And I tried firing up a cmd and launching OOBE but that only leads to a loading screen which loads forever. Then I disabled secure boot and that didnt work either. Finally I tried to flash the bios but couldn't do it as there was no any UEFI compatible DOS version.

What's going on here? how can I install windows on this machine??

thanks.


----------



## Macboatmaster (Jan 15, 2010)

> which came with pre installed win 10 home


what is wrong with he Windows installation that is installed


> What's going on here? how can I install windows on this machine??


and to where are you trying to clean install - unallocated space or have you made the space


----------



## absolute67 (Jul 22, 2016)

"what is wrong with he Windows installation that is installed"

It wasn't working properly. 

"and to where are you trying to clean install - unallocated space or have you made the space"

I tried both ways. no luck!


----------



## flavallee (May 12, 2002)

The *Acer One 10 S1003* 2-piece 10" netbook comes with Windows 10 Home 32-bit and sells new for about $180.00.
What's the exact serial number and SNID number on yours?

---------------------------------------------------------------


----------



## Macboatmaster (Jan 15, 2010)

Brevity is OK but all we have to work with is what you tell us


> It wasn't working properly.


I feel certain you can offer a more meaningful description.
This may well provide a clue as to the install problem

One of the causes of the error is a bad usb creation
Another is the USB pen in a USB3.0 port
If that is the case on your computer try another usb port if some are high speed 3 and some not


----------



## absolute67 (Jul 22, 2016)

flavallee said:


> The *Acer One 10 S1003* 2-piece 10" netbook comes with Windows 10 Home 32-bit and sells new for about $180.00.
> What's the exact serial number and SNID number on yours?
> 
> ---------------------------------------------------------------


No offence sir, what does serial number have to do with this issue?


----------



## flavallee (May 12, 2002)

The purpose of asking for the serial number and SNID number is so your Acer can be correctly identified and to confirm what hardware and operating system came in it.
This is something that we ask for frequently when trying to address issues with an Acer computer.

---------------------------------------------------------------


----------



## absolute67 (Jul 22, 2016)

flavallee said:


> The purpose of asking for the serial number and SNID number is so your Acer can be correctly identified and to confirm what hardware and operating system came in it.
> This is something that we ask for frequently when trying to address issues with an Acer computer.
> 
> ---------------------------------------------------------------


Got it  The Model number is D16H1 and the serial number is NTLCQEM001709009584S00


----------



## absolute67 (Jul 22, 2016)

Macboatmaster said:


> Brevity is OK but all we have to work with is what you tell us
> 
> I feel certain you can offer a more meaningful description.
> This may well provide a clue as to the install problem
> ...


hey buddy, sorry for the short answer I provided previously.
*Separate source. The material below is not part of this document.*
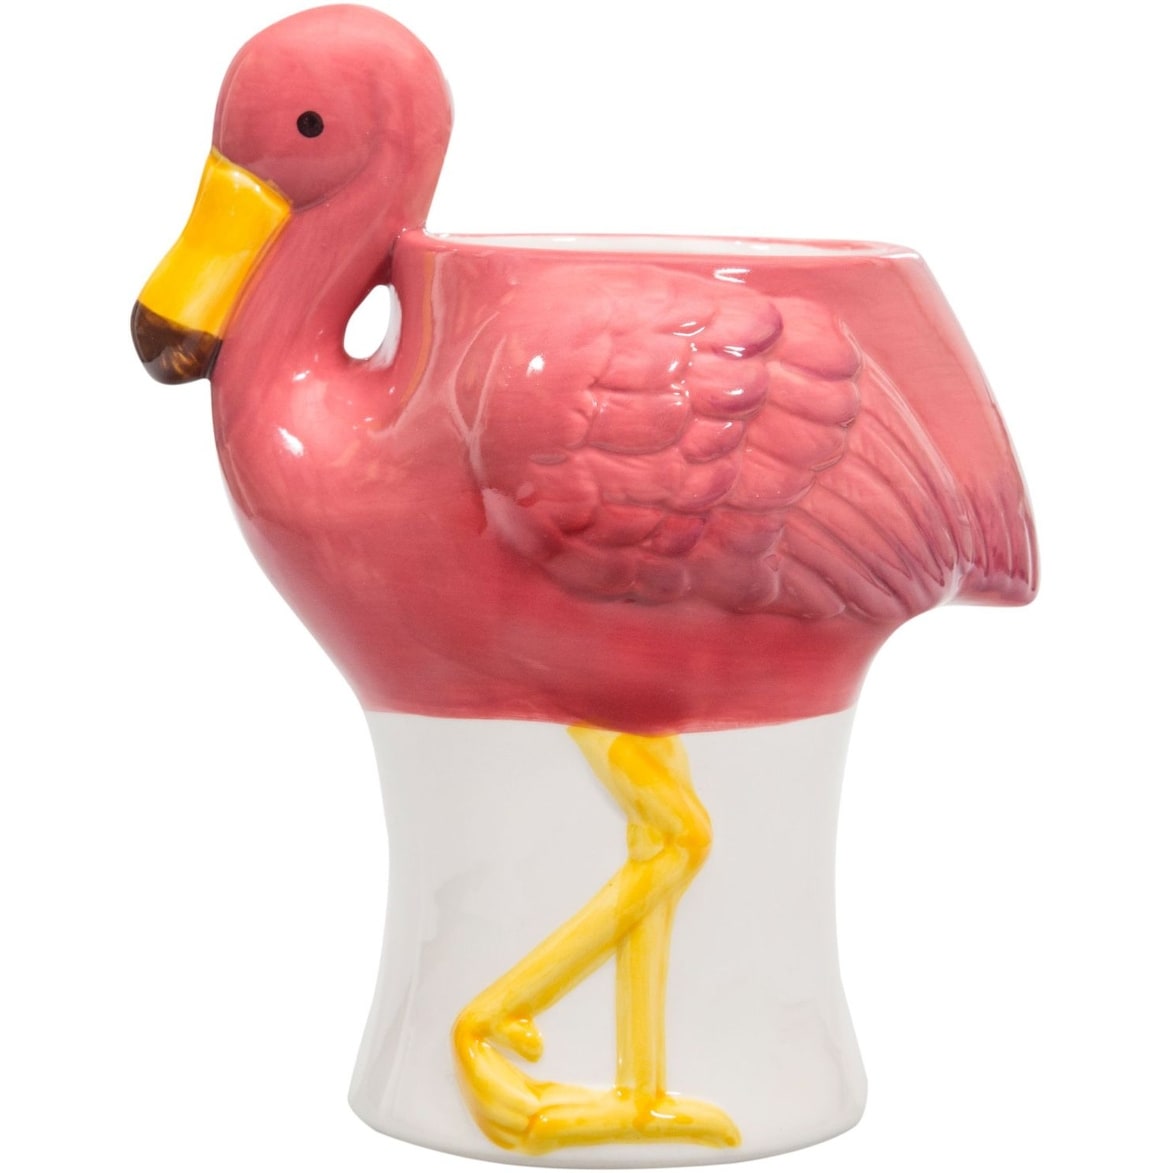 https://ak1.ostkcdn.com/images/products/is/images/direct/a008a7aa40e2fa6fa43c4c7bfdbf706ba54e34a2/Pretty-in-Pink-Flamingo-Utensil-Crock-Kitchen-Counter-Decor-Ceramic.jpg

The system was sluggish and the start menu wasn't working. So I decided to reformat the computer.

The laptop has two USB ports. one in the removable keyboard and the other one on the display.. the one on the display is a micro USB port and you can only use that port to boot from USB. I mean when u connect a bootable flash drive in to the port which is located on removable keyboard, UEFI firmware doesn't detect it.

I use a OTG adaptor in order to connect the USB drive, this may be a problem with the otg adaptor as you mentioned?


----------



## Macboatmaster (Jan 15, 2010)

In case it is OOBE
https://www.kapilarya.com/fix-windows-could-not-complete-the-installation-windows-10

However my guess is the USB


----------



## absolute67 (Jul 22, 2016)

Macboatmaster said:


> I am signing off in about 30 minutes if you wish to reply to my last post
> and in case it is OOBE have you tried cmd prompt


Really appreciate your helping hand. I already replied to your previous comment. And I will put it here too for your convenience.
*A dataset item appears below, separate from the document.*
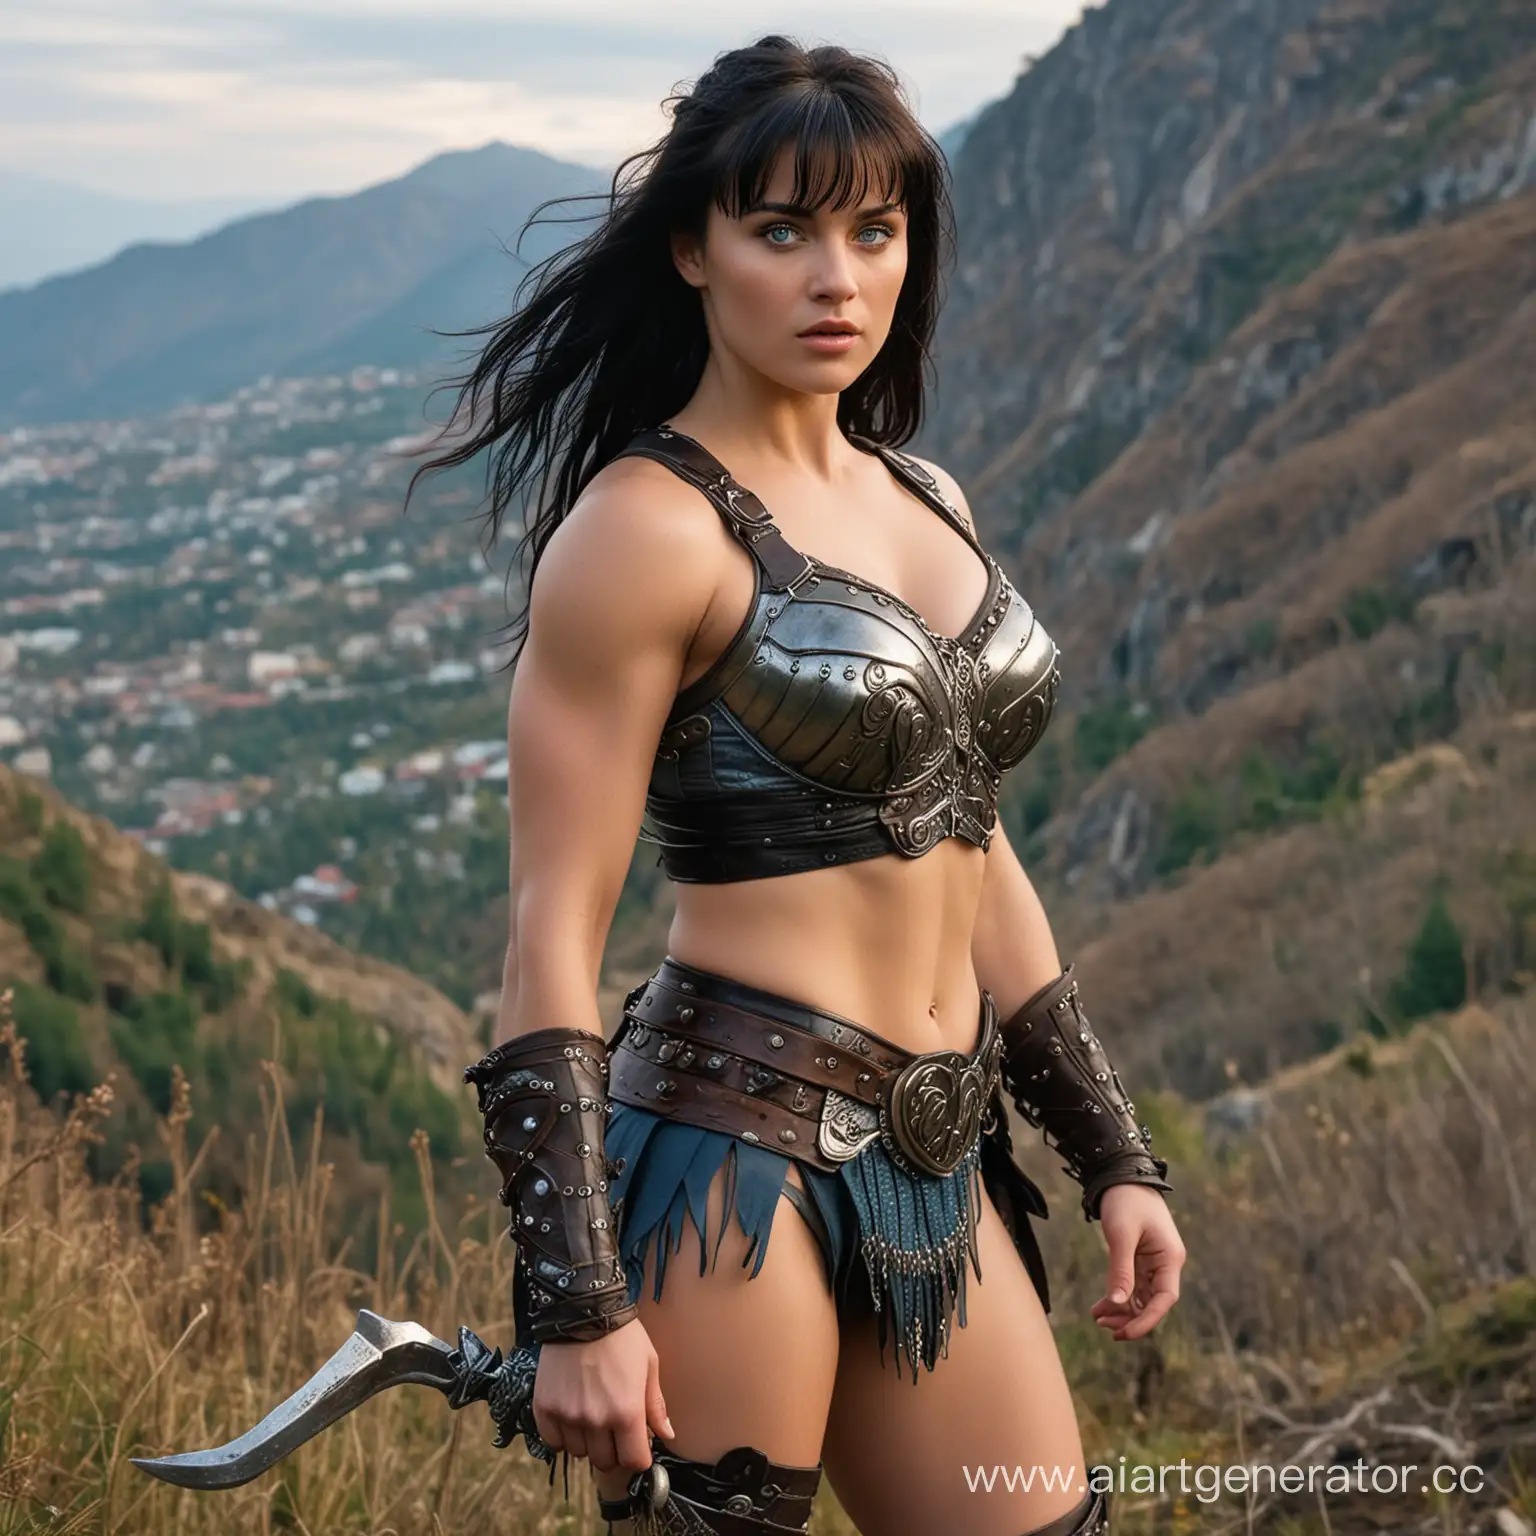 Strong athletic beautiful-faced Xena Warrior Princess, dark hair, blue eyes, voluptuous thighs, laced, in Alupka near Mt. Ai-Petri, spring evening

"hey buddy, sorry for the short answer I provided previously. The system was sluggish and the start menu wasn't working. So I decided to reformat the computer.
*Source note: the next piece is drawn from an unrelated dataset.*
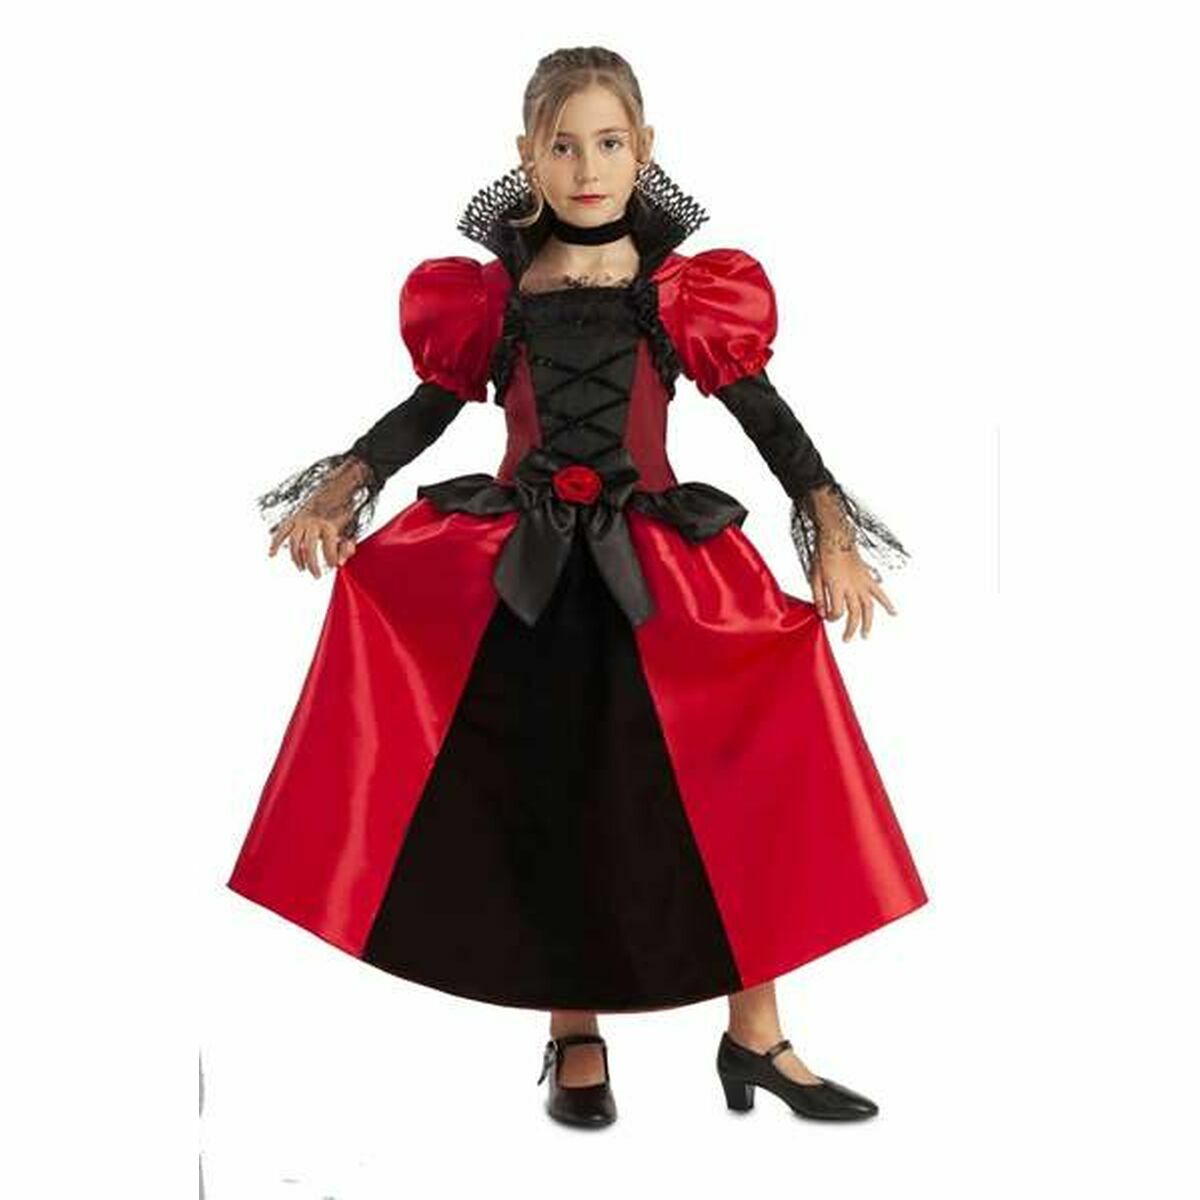 Costume for Children My Other Me Gothic Vampiress Red 12 (2 Pieces)

The laptop has two USB ports. one in the removable keyboard and the other one on the display.. the one on the display is a micro USB port and you can only use that port to boot from USB. I mean when u connect a bootable flash drive in to the port which is located on removable keyboard, UEFI firmware doesn't detect it.

I use a OTG adaptor in order to connect the USB drive, this may be a problem with the otg adaptor as you mentioned?"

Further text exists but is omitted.